La filière “Bœuf de Haute-Loire“ en 2020

Lancé en 2016, le “Bœuf de Haute-Loire“ est une marque locale interprofessionnelle pour les bovins de races à viande, élevés et abattus en Haute-Loire. Au 1er janvier 2019, le cahier des charges a évolué. à partir de cette date, seuls les bovins nés en Haute-Loire sont admis.

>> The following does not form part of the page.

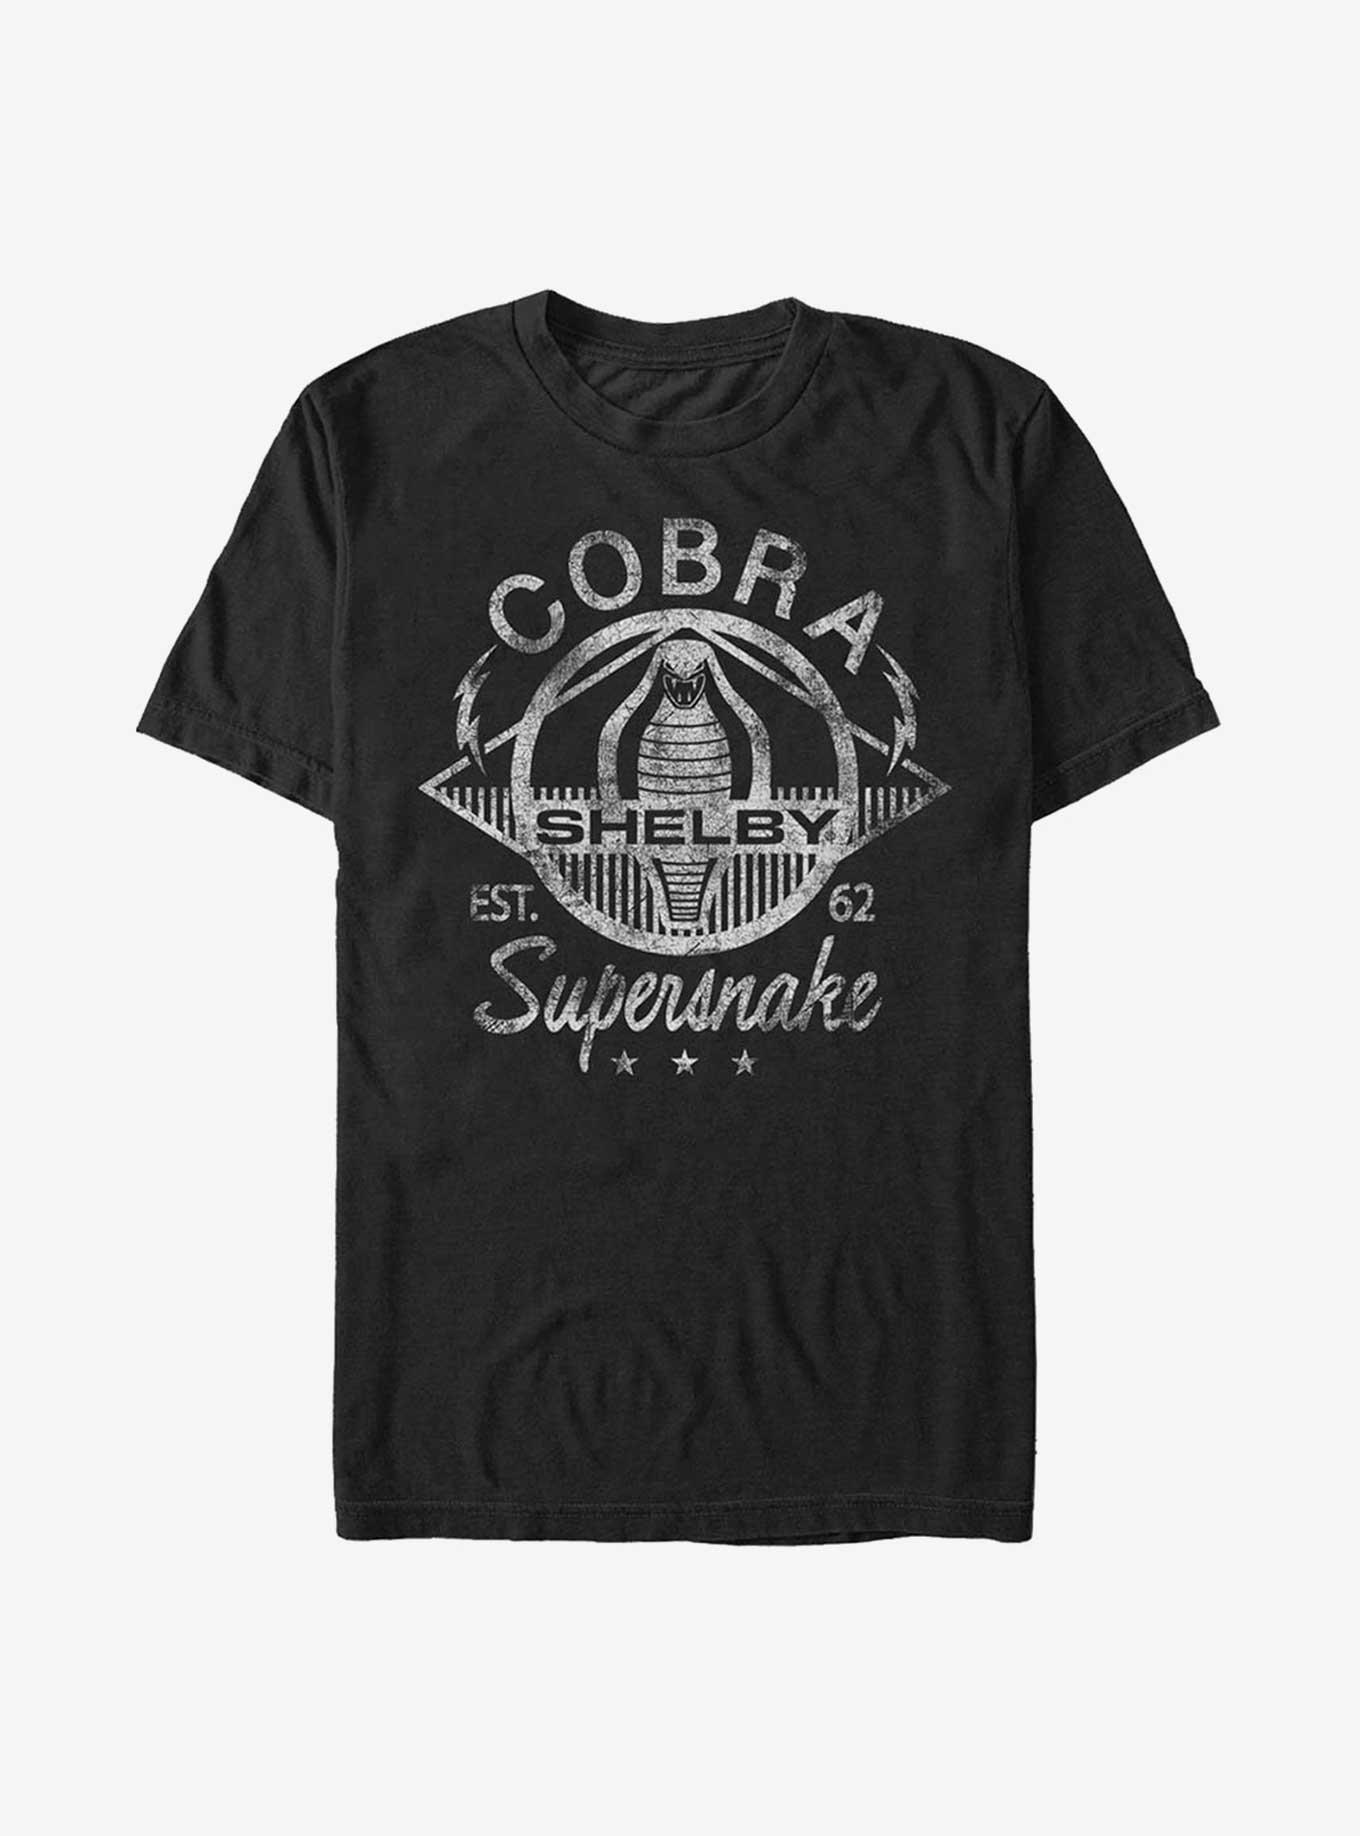 Shelby Cobra Supersnake T-Shirt, BLACK, hi-res

Peuvent être vendus sous marque :
- les génisses de plus de 18 mois et les vaches de moins de 5 ans.
- des animaux de races à viande et de croisements entre elles.
- au moins 4 mois de présence dans l’élevage avant abattage
 - conformation : E, U , R+ ou R =
finition suffisante (gras : 2, 3 ou 4)
La marque réunit plusieurs collèges : collège des producteurs (80 élevages adhérents), collège des commerçants de bestiaux et organisations de producteurs (2 OP et 3 négociants privés), collège des abattoirs et grossistes (3 abattoirs du département et 3 grossistes), collège des distributeurs : (4 bouchers artisans et 8 GMS).